Критика Линдсея вынудила Бэттерби выступить в защиту Альберта. «Художник-абориген, — негодовал Бэттерби, — имеет свои собственные достоинства как художник. И если белым художникам позволительно испытывать влияние любой художественной школы, то почему, — спрашивал Бэттерби, — это непозволительно для черного? Когда австралийские художники начали писать во французской манере, никто не поносил их за это. Поэтому ученейшему критику стоило бы лучше рассматривать Наматжиру как мастера-акварелиста, а не как аборигена».

А между тем сам Альберт Наматжира и не подозревал о спорах, бушевавших в среде мельбурнских знатоков живописи вокруг его произведений. В это время он со своей семьей — Рубиной, пятью сыновьями и тремя дочерьми — был далеко от Хермансбурга и занимался своими акварелями. Вдали от жарких дискуссий он и не ведал, что стал первым аборигеном, удостоенным упоминания в справочнике «Кто есть кто в Австралии» (1944). В этом же году член Королевского антропологического института Южной Австралии Ч.-П. Маунтфорд выпустил книгу «Искусство Альберта Наматжиры». Она была опубликована в Мельбурне «Клубом хлеба и сыра» и включала несколько цветных репродукций работ Альберта.

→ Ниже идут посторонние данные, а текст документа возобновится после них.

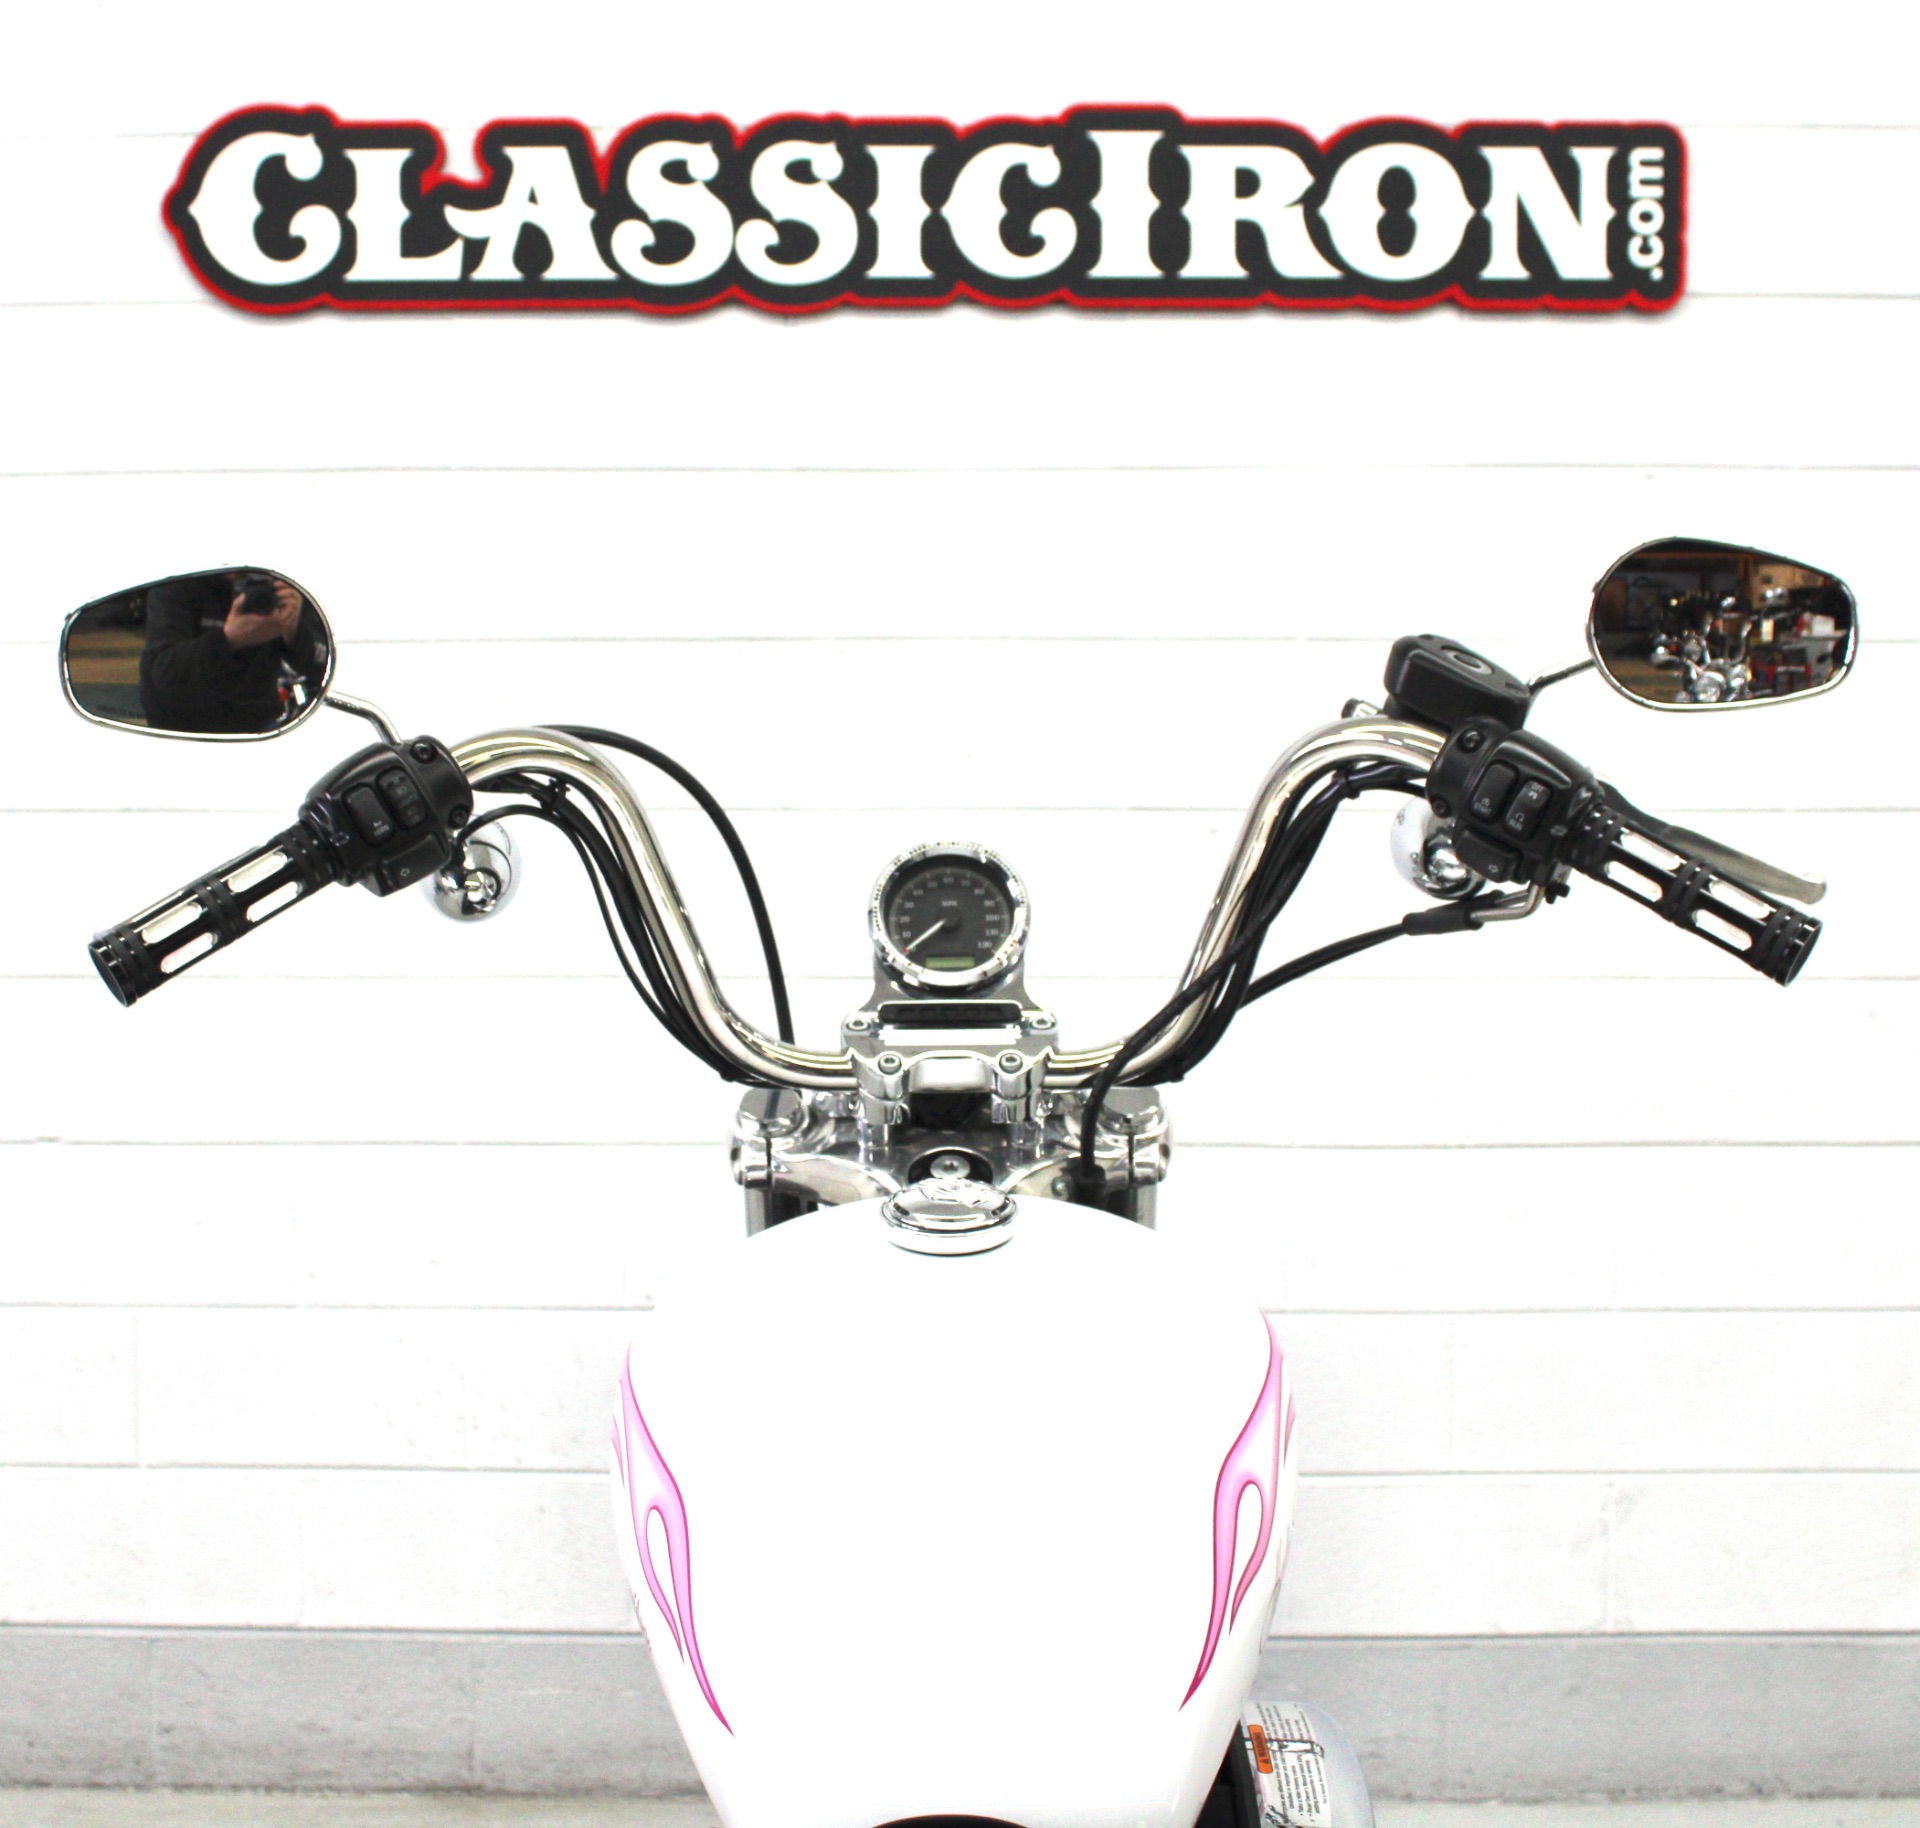 2012 Harley-Davidson Sportster® 1200 Custom in Fredericksburg, Virginia - Photo 10

В заключительной главе, описывая свое расставание с художником в Долине пальм, где Маунтфорд собирал сказания племени аранда, автор вспоминает: «Что ожидает Альберта впереди? Эта мысль очень занимала меня в тот момент и продолжает волновать по сей день. Неужели слава, эта коварная ветреница, вознесет его, а потом низвергнет? А может быть, ему удастся избежать ее искушений и остаться среди своих соплеменников счастливым и не испорченным удачей, являя живое воплощение природной художественной одаренности своей расы?»

III

В 1945 году состоялась первая выставка работ Наматжиры в Сиднее. Ее открыл профессор антропологии Сиднейского университета А.-П. Элкин. Спрос на картины был намного выше, чем на предыдущих выставках. Буквально не прошло и нескольких минут после ее открытия, как коллекция в сорок четыре акварели оказалась полностью распроданной. Выставка принесла автору около тысячи фунтов. Три работы были куплены для Данидинского общества изящных искусств в Новой Зеландии, двенадцать — для английских и несколько — для американских галерей.

Сиднейским критикам, которые видели в Альберте Наматжире только лишь способного ремесленника, но весьма и весьма посредственного художника, не удалось охладить восторгов широкой публики, ломившейся на выставку его картин. Нашлось несколько доброжелательных журналистов, которые вступились за художника.

«Санди Сан и Гардиан» писала: «Мистеру Альберту Наматжире пришлось столкнуться со злобными выпадами критики лишь потому, что он абориген. Но вся эта чушь, потоком обрушившаяся на арандского художника, не должна расстраивать его. Публика, которая ценит настоящее художественное видение и хорошую технику исполнения, достаточно ясно выразила свое отношение к работам Альберта, раскупив их. Причина его успеха в том, что написанные мистером Наматжирой пейзажи Центральной Австралии правдивы: горы и равнины изображены такими, какими видит их и абориген и белый. Сегодняшних критиков приводит в ярость эта верная натуре манера исполнения. В заключение можно сказать лишь одно: абориген из племени аранда — это поистине великолепный художник».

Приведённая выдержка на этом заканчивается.